Tuesday, February 26, 2013

"SUSAN 'GOLDIE' HARVEY" - TOUCHING TRIBUTES BY HER HUSBAND, PARENTS, SIBLINGS AND DENRELE EDUN.





Words are just never enough in times like this...
Here are the heart-felt tributes from Goldie's Husband, Father, Stepmother, siblings and Denrele

Leonard Andrew Harvey - Husband

Tribute to my sunshine


Susan, you walked into my life. It was like God sent you as a fresh breath, I still remember your response to my first love message (SMS) ‘Love killed Romeo, sent Diana to an early grave and killed Jack on the Titanic. Forget about love, just have friendship and live long’. Over time, our love grew to a depth I have never known. You were the best years of my life, your smile, your energy, your desire to live in your dreams.

The physical pain of your loss is so hard to bear, but I console myself that you are in the arms of the Lord and with our wonderful memories.
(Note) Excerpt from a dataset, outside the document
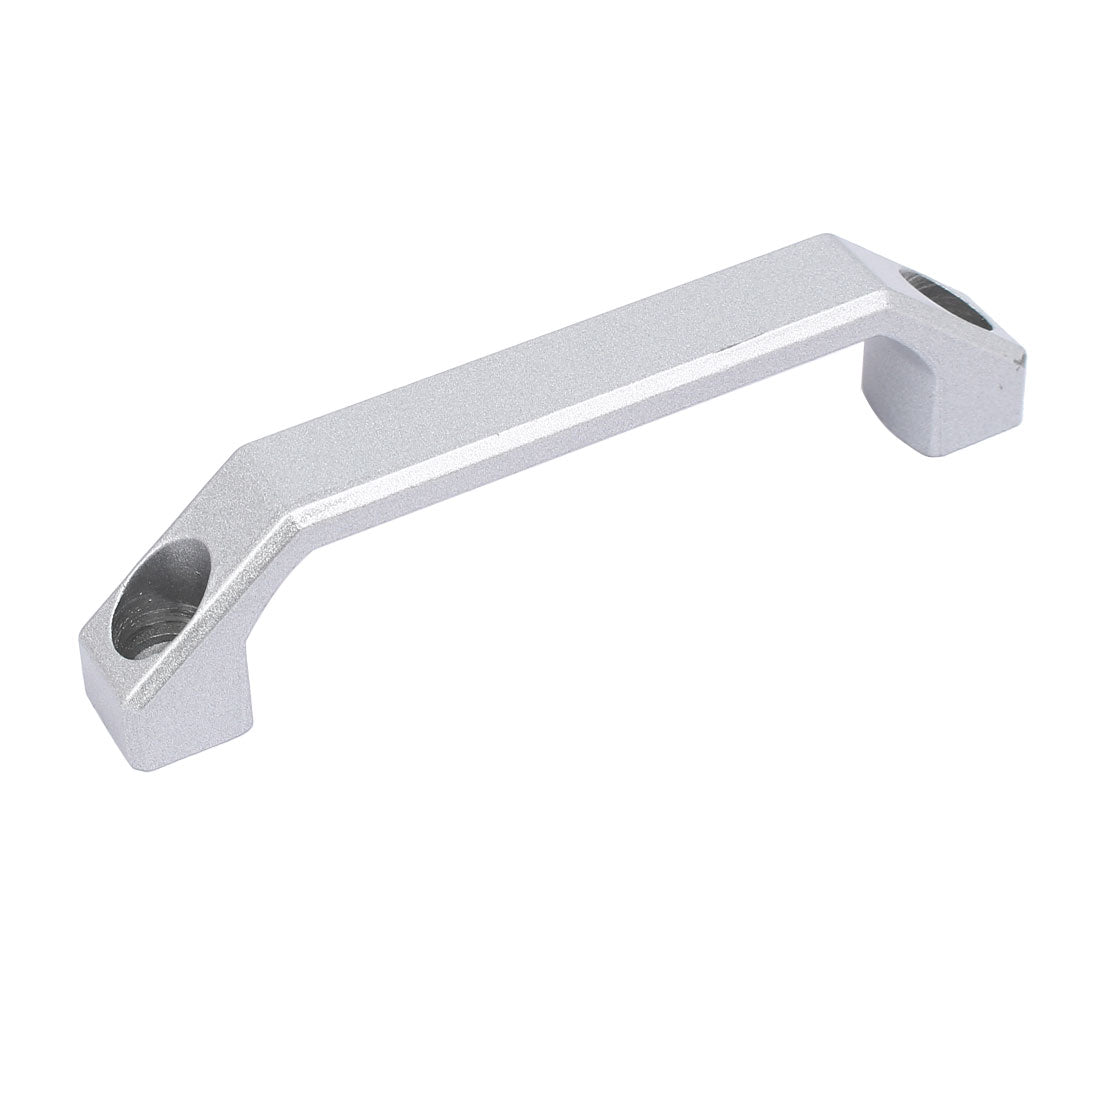 uxcell Uxcell Cabinet Door Drawer Metal Pull Handle Grip Silver Tone 120mm Hole Spacing

I am fortunate that your drive to seek fame has immortalized you in word, song and picture. Not many have this opportunity to keep memories alive.
Nothing sums up my feelings more than ‘Fine’ the song we played together so many times and I still remember being dressed as Father Christmas while you sang live at Silverbird and more recently for TV at our home when you returned from Big Brother. Little did I know what those words would come to mean.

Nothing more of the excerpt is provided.